Trudeau Just Wrote a Check Canadians Can't Cash
The outgoing PM is mortgaging the Canadian economy in an attempt to salvage his legacy.
Let’s pretend you’re a world leader in the twilight of their reign. Due to some unique circumstances, and a conveniently popular family name, you’ve managed to be the face of your political party for nearly ten years. You had a good run, but it’s clear the party is coming to an end and the real political brains behind your regime have lost faith in you.
You’re at risk of getting booted out of office, so in an effort to save face, you announce that you will be resigning in the coming months, giving you just enough time to make one final attempt to burnish your legacy. But then something happens. Your southern neighbor and top trading partner announces they are going to apply tariffs to your goods. This doesn’t come as a total surprise, but there’s not much you can do. You don’t have the time in office to solve things diplomatically and you’ve never really had the intellect for such things anyway.
You might not be able to save the country, but you can save your legacy. So you decide to stir up national pride by placing retaliatory tariffs on your neighbor, knowing full well your own economists and national bank have warned such actions will lead to a recession and trade war you can’t win. But that’s someone else’s problem. All you need to do is ride the wave of jingoistic nonsense until the end of your term, thus securing your legacy as a champion of the people.
If you haven’t figured it out by now, this is pretty much what Canadian Prime Minister Justin Trudeau is doing.
To recap, President Donald Trump announced on Friday he was placing a 25 percent tariff on Canadian imports effective immediately. In response, Trudeau announced retaliatory tariffs on American goods — and in so doing, pushed his country even closer to a recession. But Trudeau won’t be the one holding the bag should the Canadian economy collapse. Oh no. He will be long gone by that point, having announced he will be leaving office in just a couple months.
But should Trudeau continue down the tit-for-tat tariff fight, he will have mortgaged the Canadian economy to secure his legacy. Allow me to explain:
If you’re a Canadian reader, its safe to say based on current polling you probably don’t like Trudeau. If you’re not, just know the Canadian PM has managed to upset just about everyone in Ottawa, ranging from fellow liberals to the Conservatives. This is why he announced he will be leaving office in March. Until around 48 hours ago, he was poised to leave the office on a low note. Now, he’s trying to leave a hero riding a wave of anti-American sentiment. And it just might work unless Canadians get wise to his act.
Here’s the reality: Canada can’t win a tariff fight with the United States. The math simply doesn’t add up. As I explained in this piece following Trudeau’s resignation announcement, the Canadian economy is much more reliant on the American economy than vice versa.

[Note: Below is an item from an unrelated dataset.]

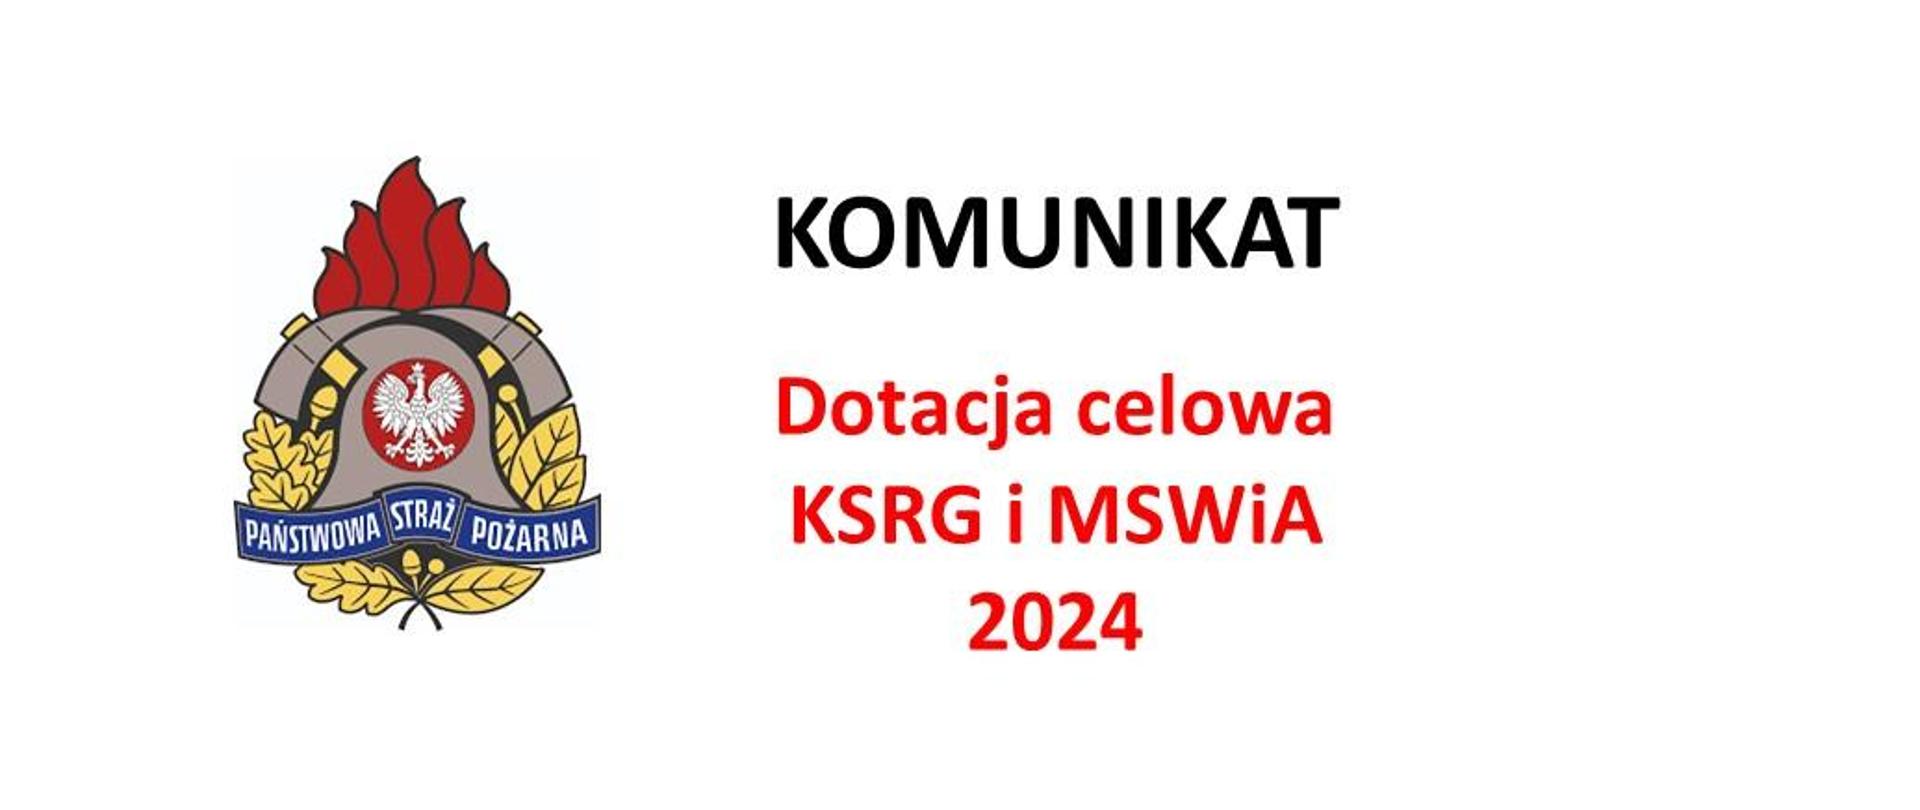 Komunikat dotacja celowa KSRG i MSWiA 2024

More than 75 percent of Canadian exports go to the U.S. market, while more than half of Canadian imports originate in the states.
By placing retaliatory tariffs on American goods, Trudeau has effectively poured gasoline on a fire. While Trump’s tariffs are sure to harm Canadian manufacturers, Trudeau’s tariffs are going to make the many American goods Canadians rely on more expensive. The result will be a shrinking economy plus increased prices, otherwise known as the perfect recipe for a recession.
The Canadian government knows this. And if you don’t want to take my word for it, take the word of the Bank of Canada, who recently published a report analyzing the effects of tariffs on the Canadian economy.
“On the whole, Canada’s trade balance worsens. Together, lower net export volumes and weaker terms of trade lead to a depreciation of the Canadian dollar,” said the report.
Will American consumers feel the bite too? Maybe, but not nearly to the extent Canadians will. The reality is Canadians are all but guaranteed to enter a recession should Ottawa continue down the tariff fight. If the two countries shared a similar GDP, perhaps Canada could hold out, but that’s just not the case.
Here’s the thing, I understand Canadians are pissed off about this whole situation. As a former Canadian turned American, I’m in a unique position to understand both sides. I get it, Uncle Sam has stuck his finger in your eye and you want to fight back. But do not let your wounded pride cloud your better judgment. You are picking a fight you can’t win with an opponent that has the ability to outlast any damage you can inflict and return it back ten fold. You might be riding high on this new found nationalism, but banning Kentucky bourbon and Bud Light from your liquor stores isn’t going to seem so bad ass six months from now when your economy is in full recession with no end in sight.
I’ll end with some advice: If some guy with a Substack and the ability to Google Bank of Canada reports knows you can’t win, I assure you your leaders do, too. They are taking advantage of you to hide the fact they had a pretty big hand in getting you into this whole mess to begin with. Do not jeopardize the future of your economy for years so your has-been prime minister can salvage his legacy.